Extreme thermodynamics with polymer gel tori: harnessing thermodynamic instabilities to induce large-scale deformations

TL;DR

This paper explores how rapid heating of polymer gel tori induces phase separation and stress-driven buckling, demonstrating a novel way to actuate large-scale deformations through thermodynamic instabilities.

Contribution

It reveals how thermodynamic instabilities can be harnessed to induce controlled mechanical deformations in polymer gels, especially in toroidal shapes.

Findings

Rapid heating causes phase separation and inhomogeneous stress.

Stress induces buckling of the torus out of plane.

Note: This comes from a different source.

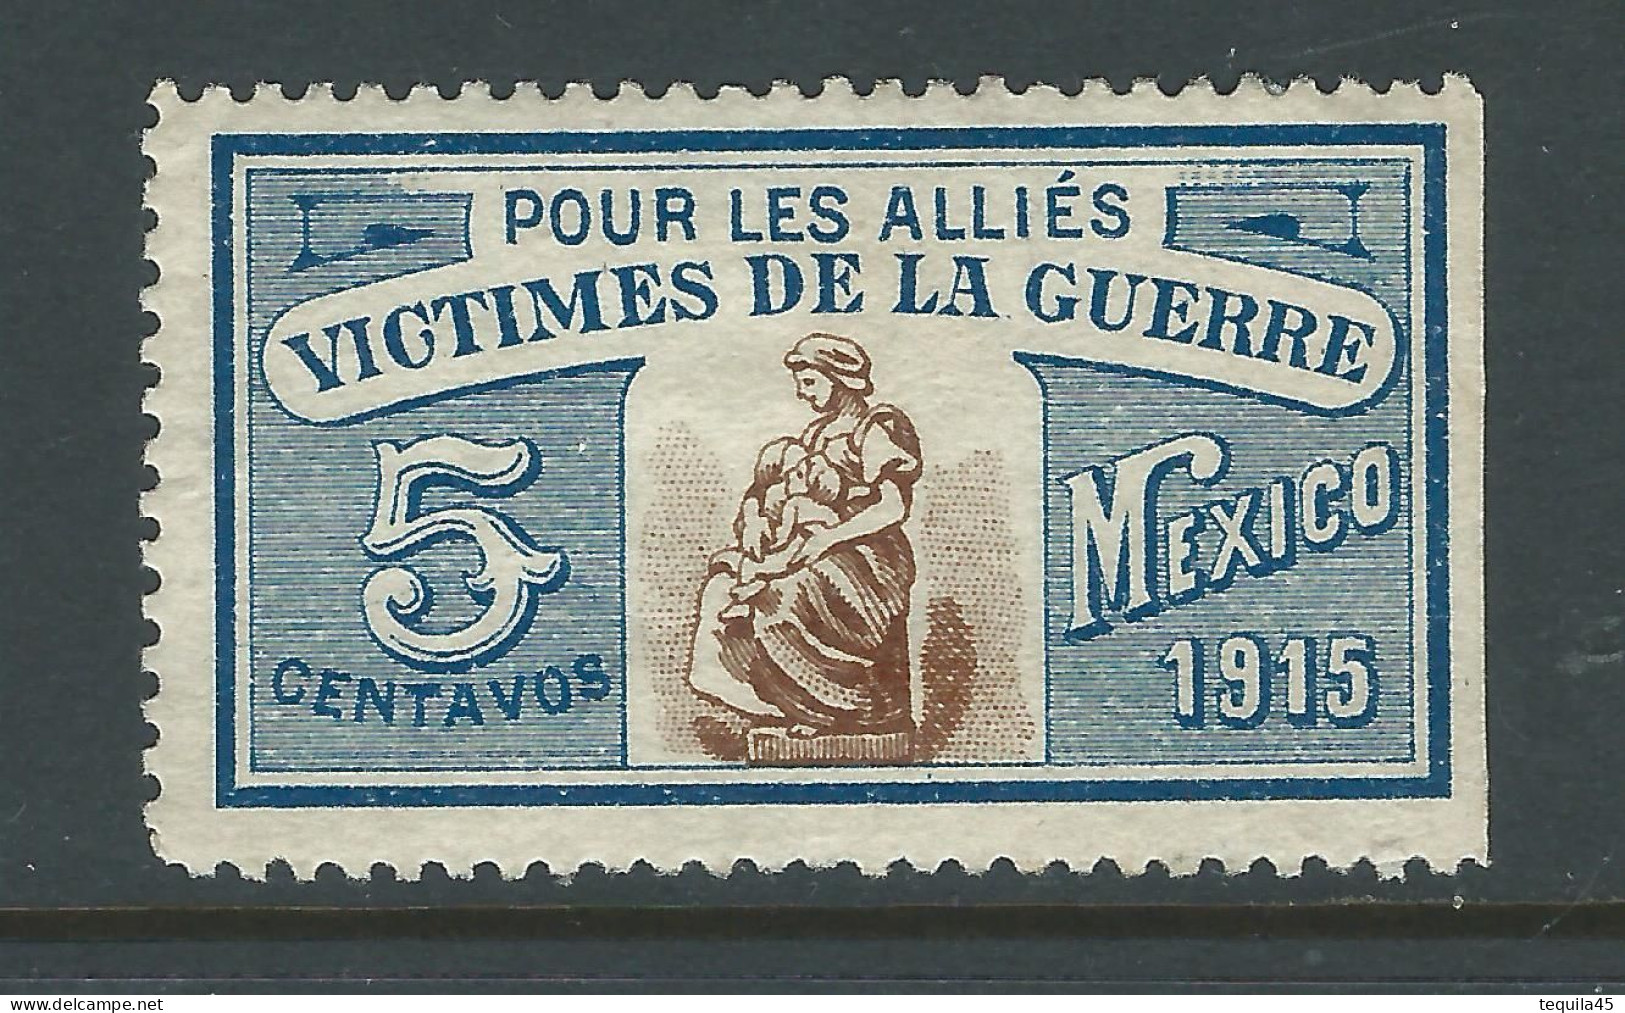 VIGNETTE CROIX-ROUGE Non DELANDRE FRANCE Comité De MEXICO 1915 WWI WW1 Cinderella Poster Stamp 1914 1918 War - Croix Rouge

Thermodynamic instabilities can be used for actuation.

Abstract

When a swollen, thermoresponsive polymer gel is heated in a solvent bath, it expels solvent and deswells. When this heating is slow, deswelling proceeds homogeneously, as observed in a toroid-shaped gel that changes volume whilst maintaining its toroidal shape. By contrast, if the gel is heated quickly, an impermeable layer of collapsed polymer forms and traps solvent within the gel, arresting the volume change. The ensuing evolution of the gel then happens at fixed volume, leading to phase-separation and the development of inhomogeneous stress that deforms the toroidal shape. We observe that this stress can cause the torus to buckle out of the plane, via a mechanism analogous to the bending of bimetallic strips upon heating. Our results demonstrate that thermodynamic instabilities, i.e., phase transitions, can be used to actuate mechanical deformation in an extreme thermodynamics of materials.